Comment on Philosophy meme
FlyingSquid@lemmy.world 1 year ago
An Aztec would not agree to any of that. They took slaves, they didn’t allow women to vote because they didn’t allow voting and women were second-class and they weren’t interested in a fair and equitable society, which is part of the reason their enemies helped the Spanish take them down.
So I’d say that your ‘objective truths’ didn’t apply to a major human civilization.
balderdash9@lemmy.zip 1 year ago
Here is an adjacent argument to the one you gave:
Moral of the story, disagreement alone does not entail a lack of objective truth. But the post was not about moral disagreement, it was about moral progress.
Moral relativists have a hard time explaining why we should have moral progress. The moral relativist will argue that any action whatsoever will be a good action if there is a certain group consensus. So why should we fight for a more fair and equitable society if the society we have no is *exactly * as morally good as any other system we could enact? Even worse, if the majority of people in your situation believe that something unjust is the right thing to do, then protesting against them is morally wrong.
FlyingSquid@lemmy.world 1 year ago
What does that have to do with my argument about the Aztecs? I don’t see the connection.
Wogi@lemmy.world 1 year ago
Because you seem to misunderstand what objective means, the other user is attempting to help you understand that with an unrelated example.
Objective means something is true. It does not mean consensus.
FluffyPotato@lemm.ee 1 year ago
What would it mean for a moral to be true?
Like we can prove the earth goes around the sun but how would you prove a moral value to be true?
FlyingSquid@lemmy.world 1 year ago
Yes, I know what objective means. What makes their morals untrue and yours true?

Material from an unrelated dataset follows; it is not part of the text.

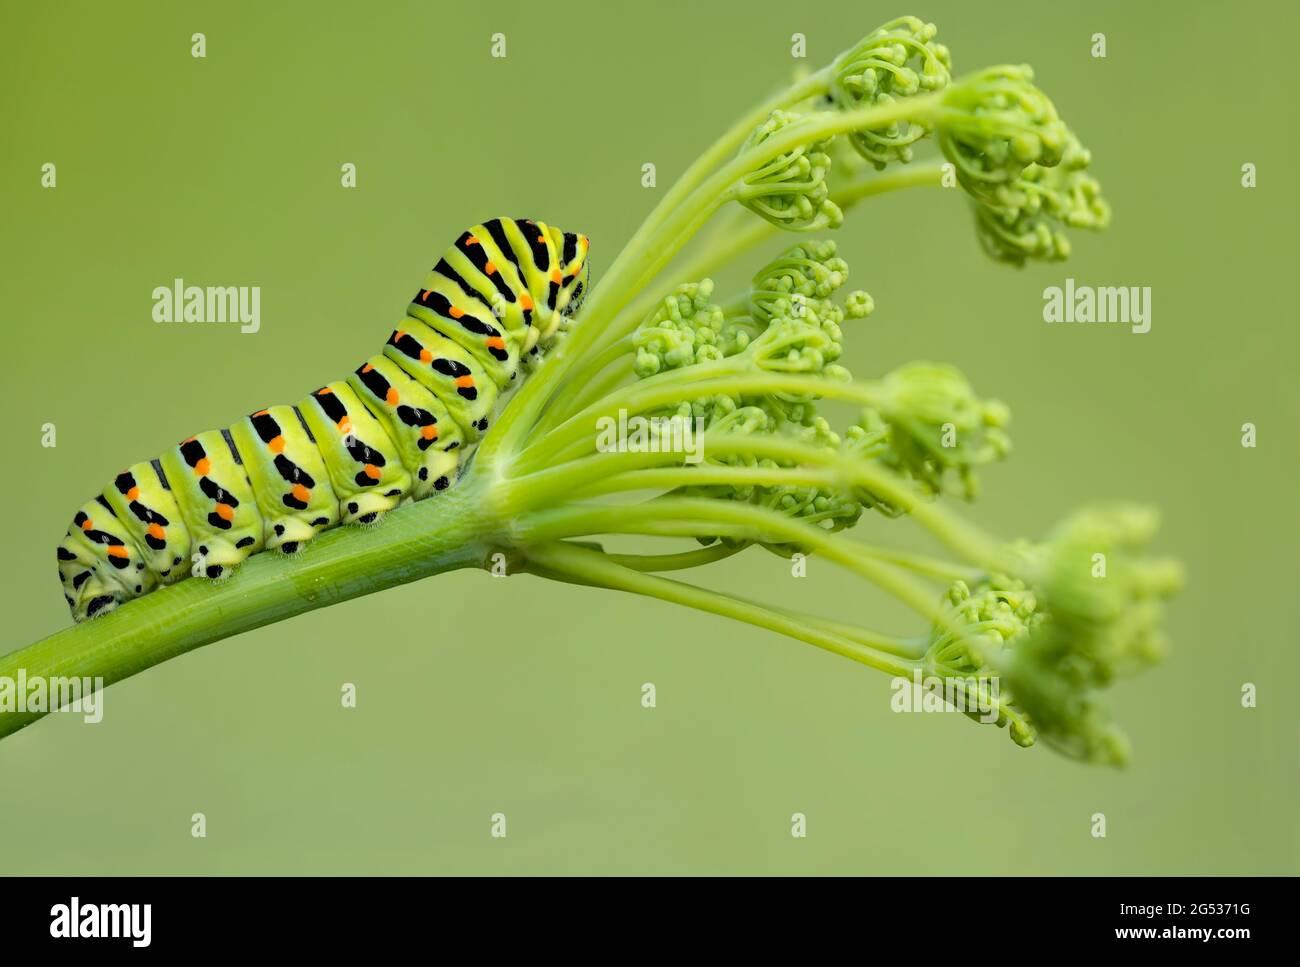 cierre extremo para la oruga de cola de peral del viejo mundo en hinojo (Papilio Machaon) Foto de stock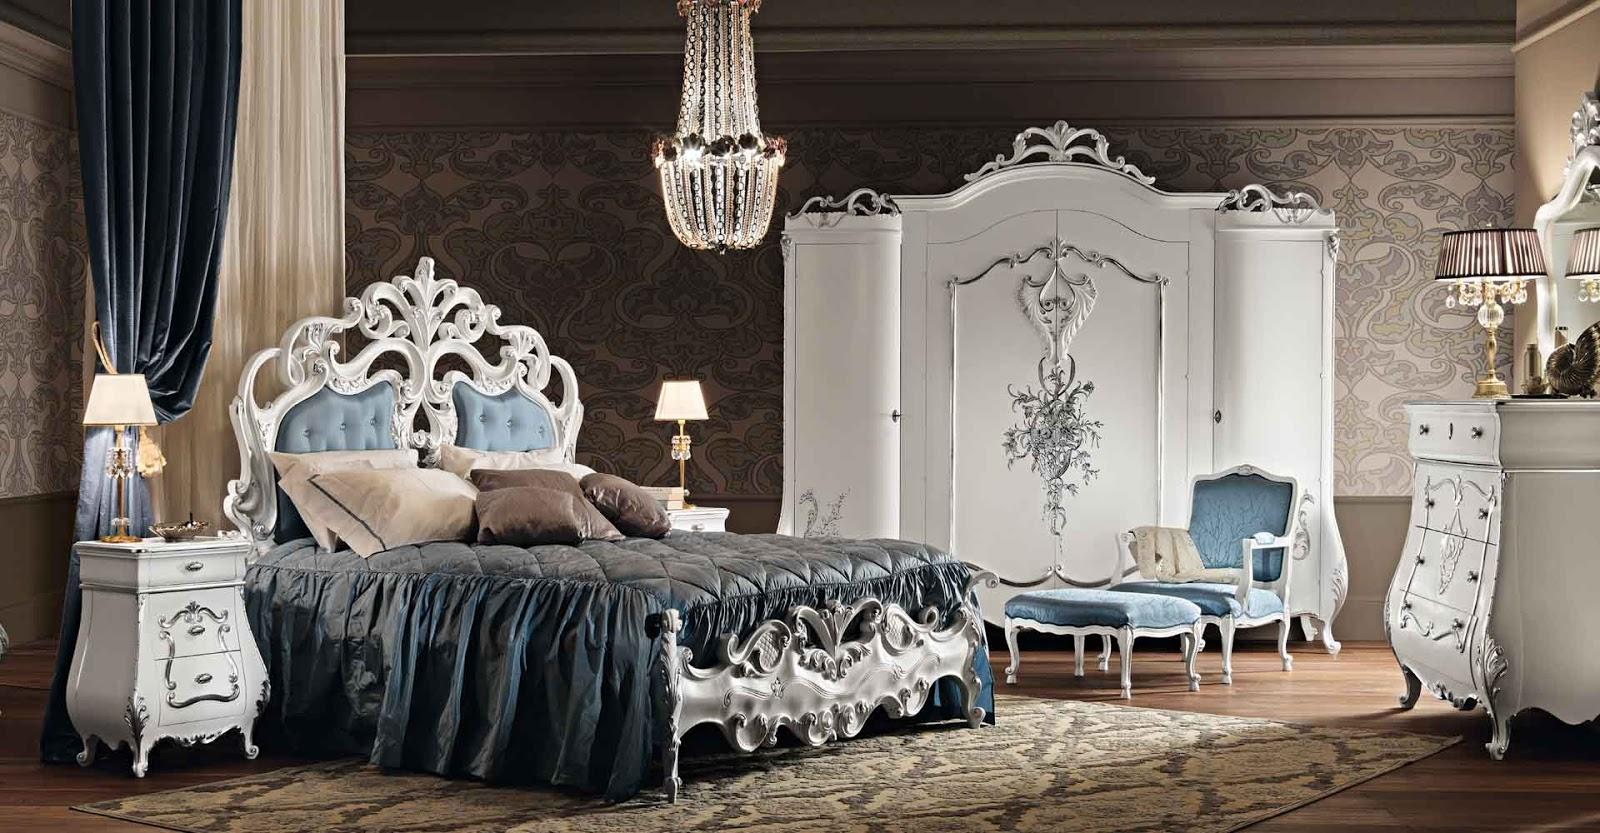 Best Todayu0027s Inspiration : 20+ Luxury Bedroom Design : Luxury Bedroom Furniture luxury bedroom furniture

ChairmanMeow@programming.dev 1 year ago
Whether or not an election has been fair has criteria that can be objectively evaluated. With “moral goodness”, those criteria do not exist.
A moral relativist does not have explain why moral progress is good, because they disagree that you can even really define moral “progress”. At best, there is moral change, and society always catching up to whatever that change may have been. Mortality is an inherently subjective concept, and therefore what is considered morally good can change, or rather: the ‘moral goodness’ of something changes over time. Someone in the past may have fully believed their actions were morally just, despite us viewing them as monsters now. And perhaps things we now consider to be morally just will be considered morally reprehensible in 50 years from now.